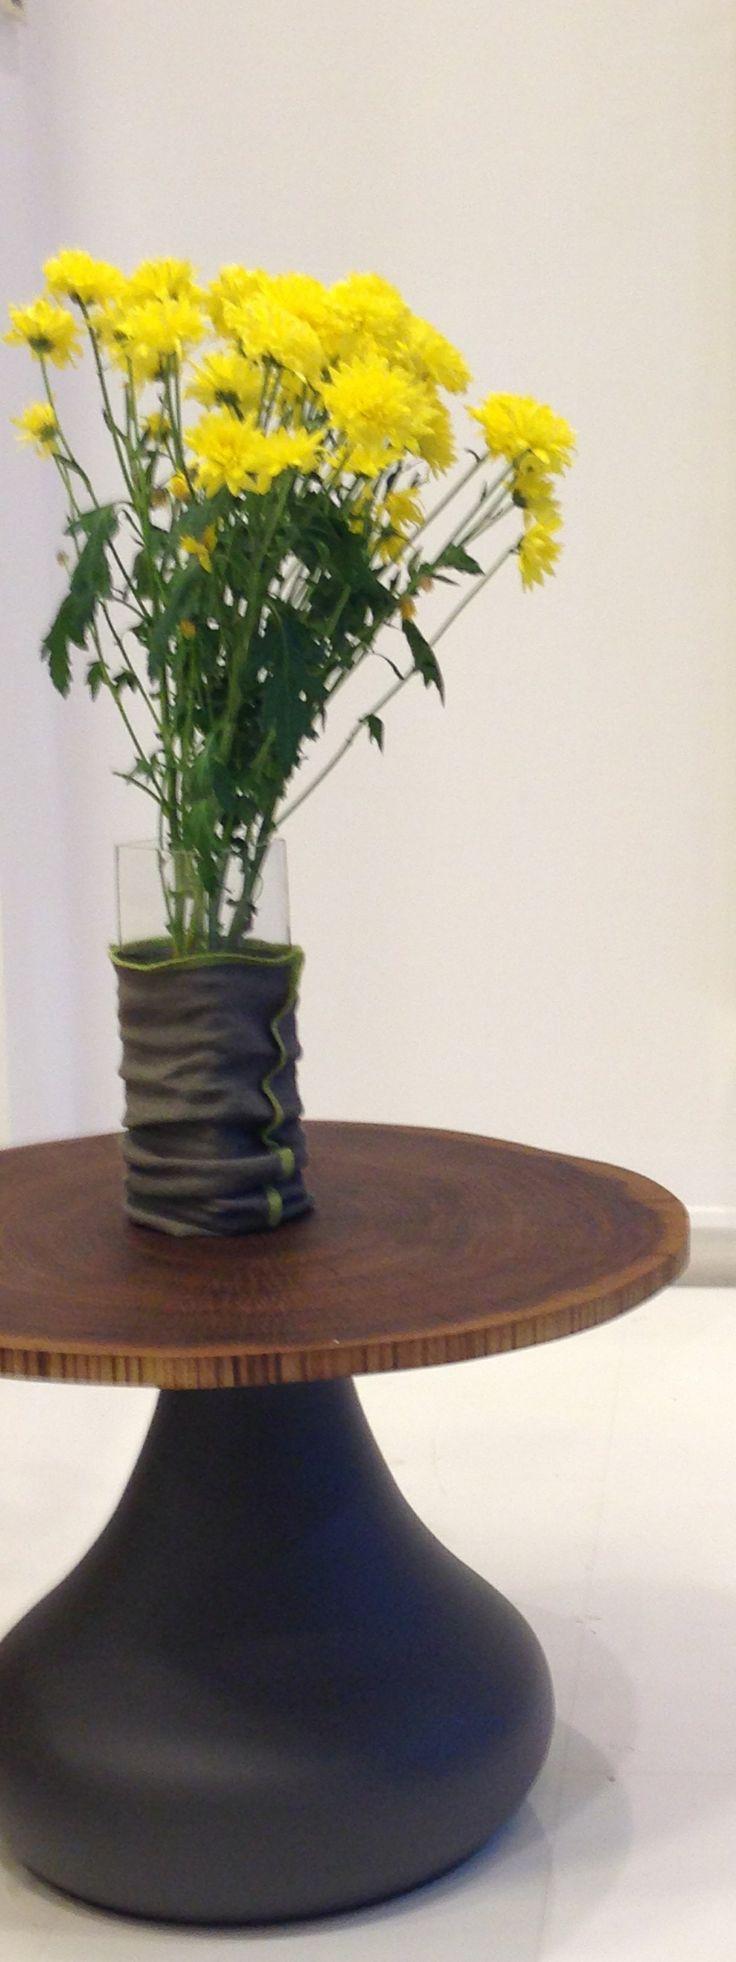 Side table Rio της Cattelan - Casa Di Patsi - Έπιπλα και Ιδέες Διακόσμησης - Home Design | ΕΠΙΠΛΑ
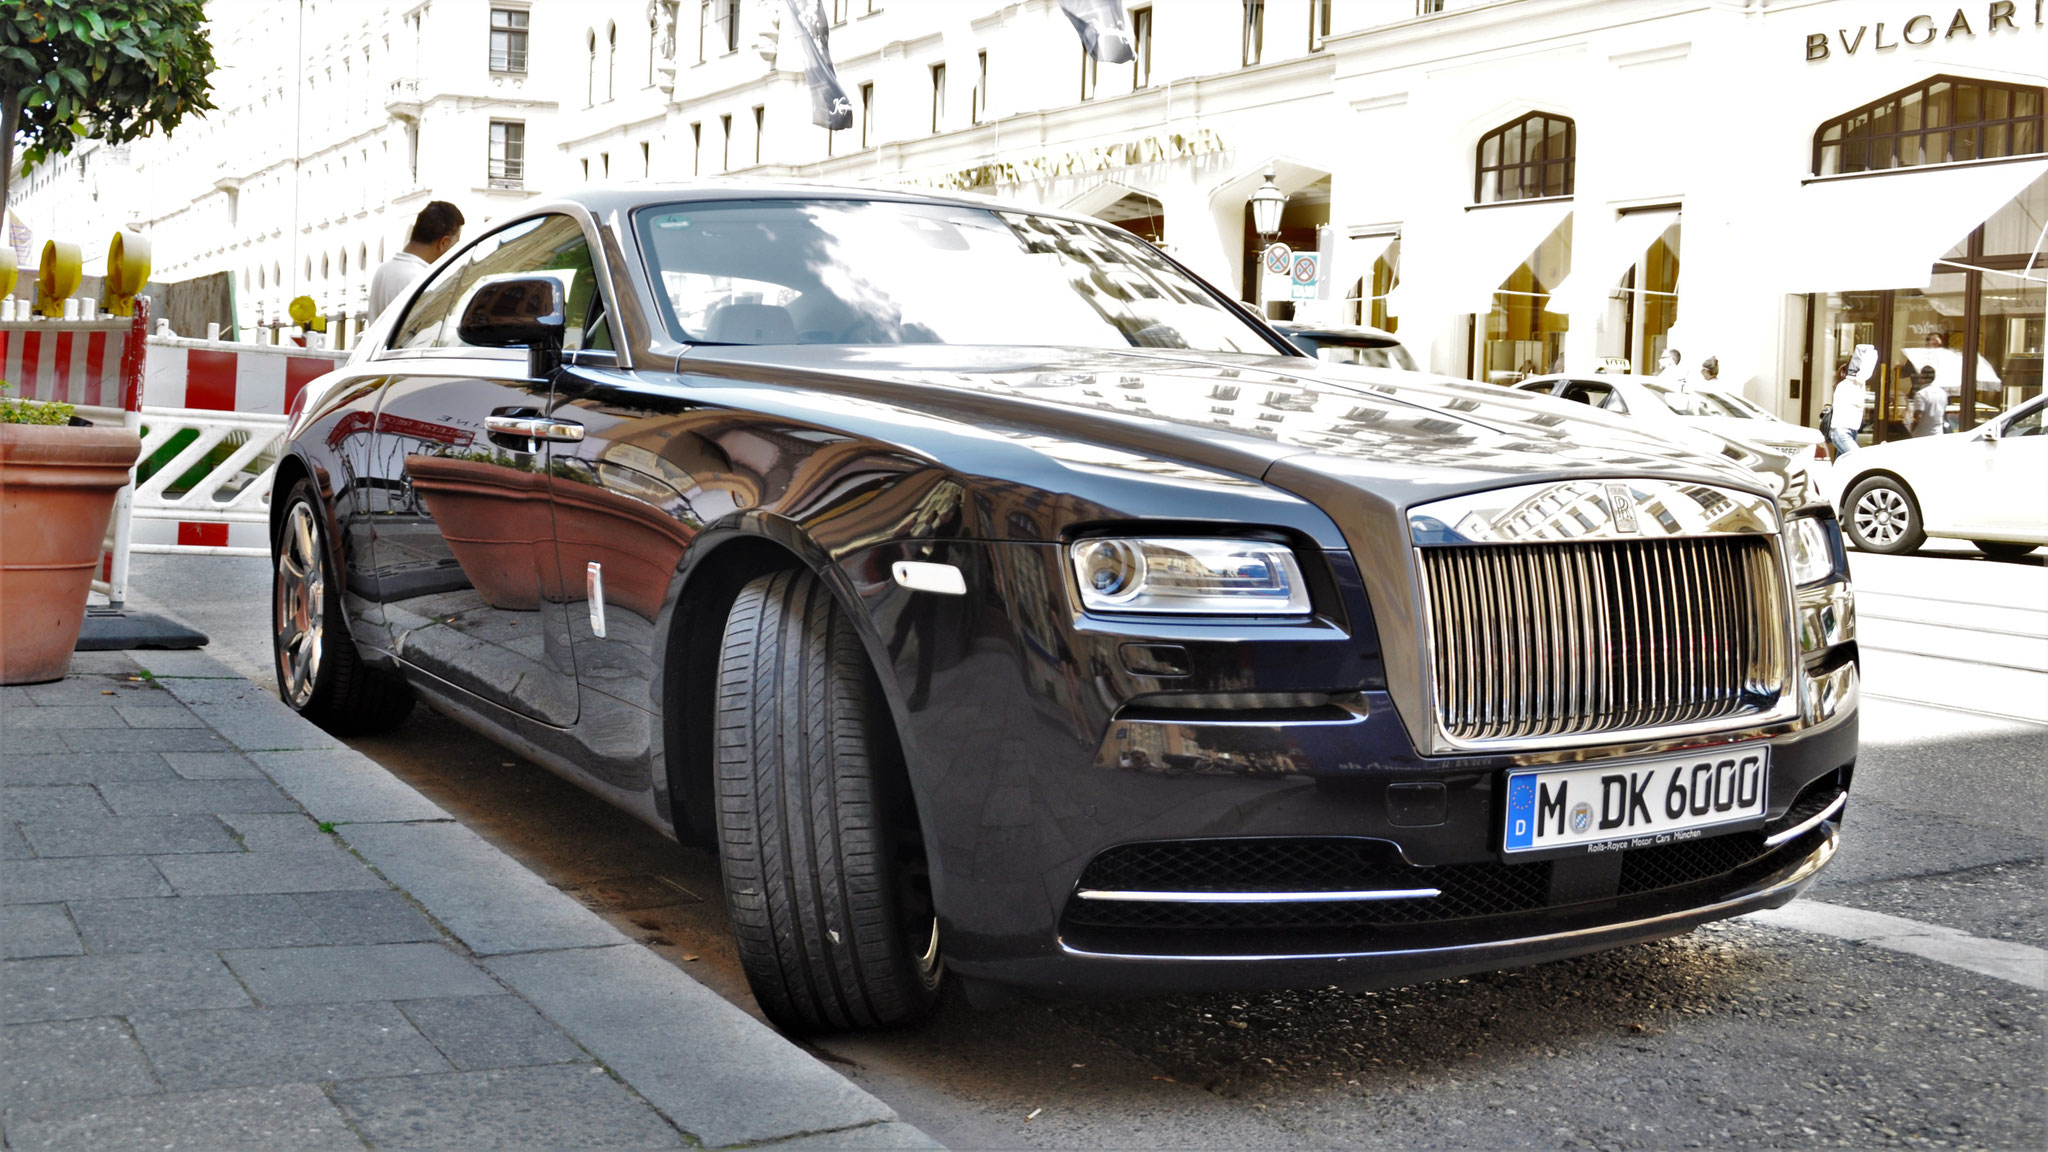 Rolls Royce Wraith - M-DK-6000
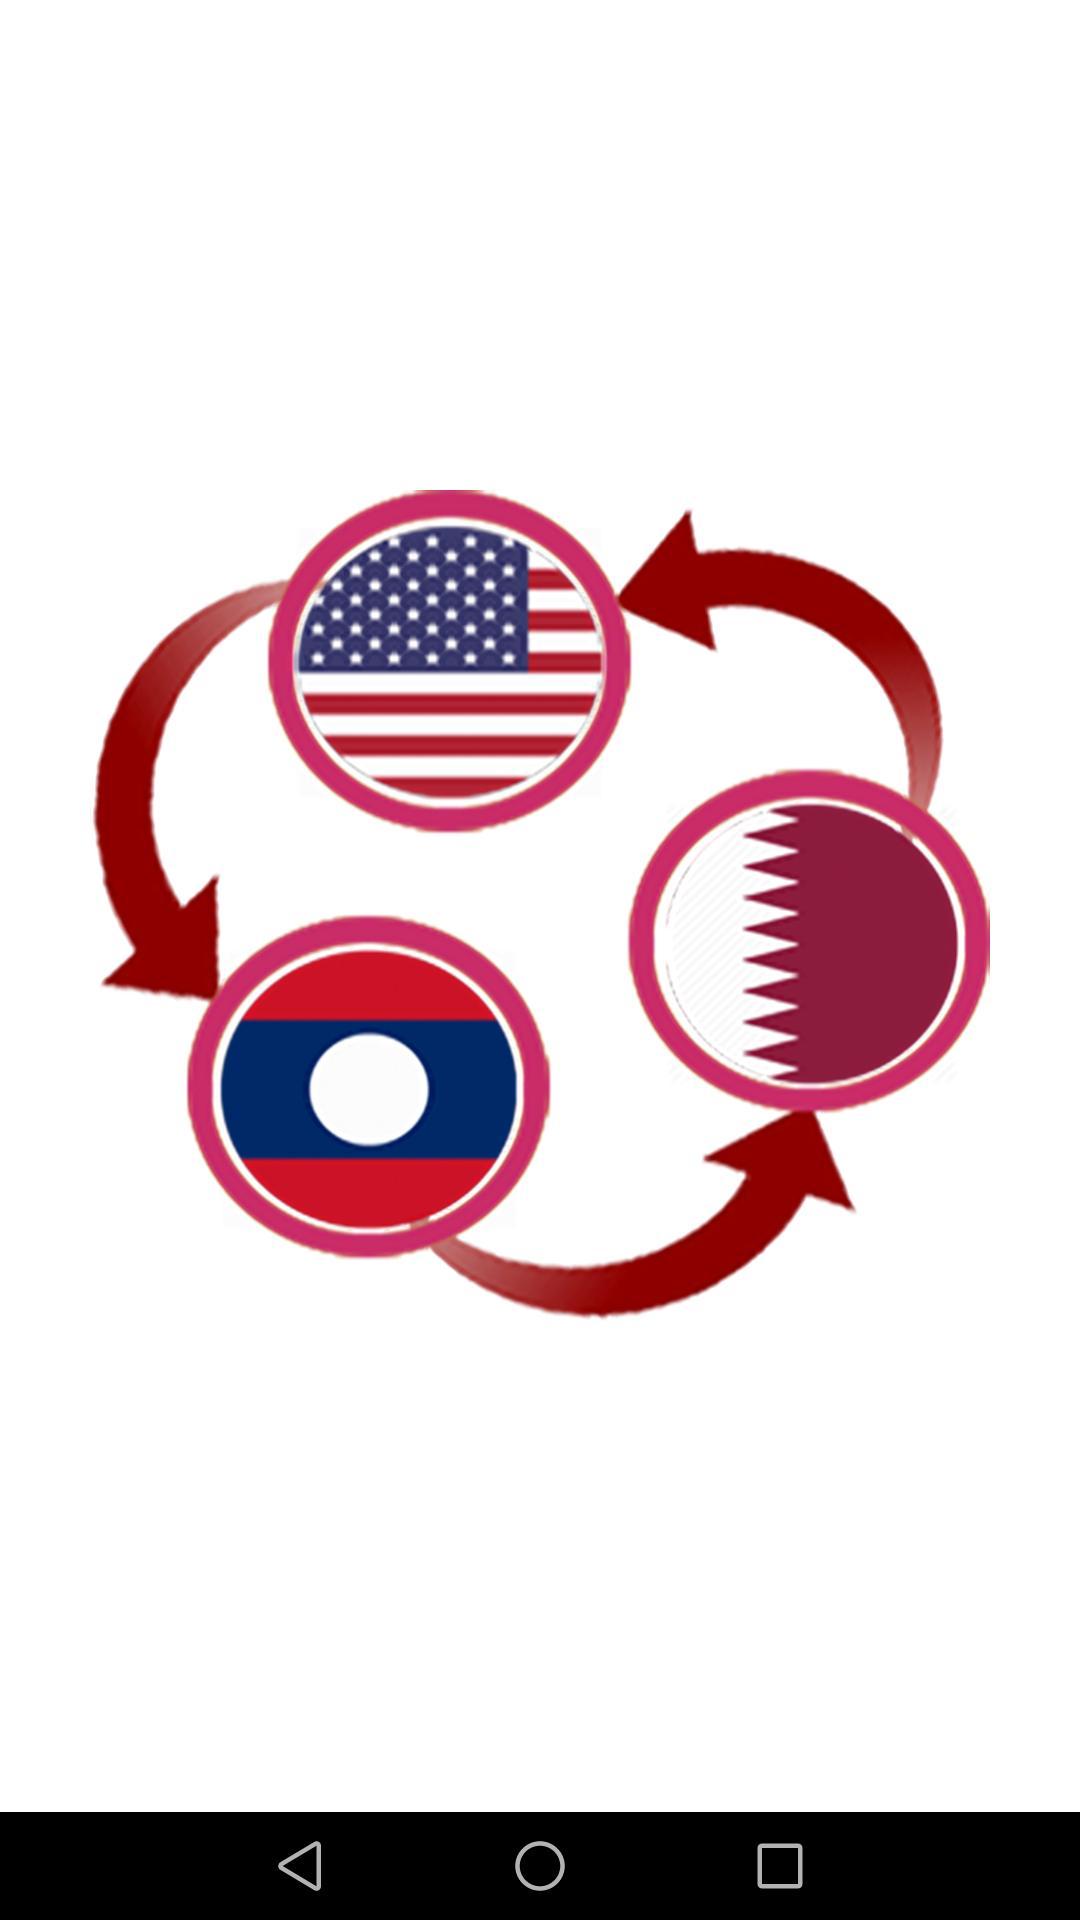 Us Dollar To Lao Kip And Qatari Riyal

▸ **What is expected**:
Write out, with no pictures, only the lines from the line containing "Rolls Royce Wraith - M-DK-6000" through the last line of the listing above, exactly and with both ends included.

▸ **Solution**:
 Rolls Royce Wraith - M-DK-6000
 Us Dollar To Lao Kip And Qatari Riyal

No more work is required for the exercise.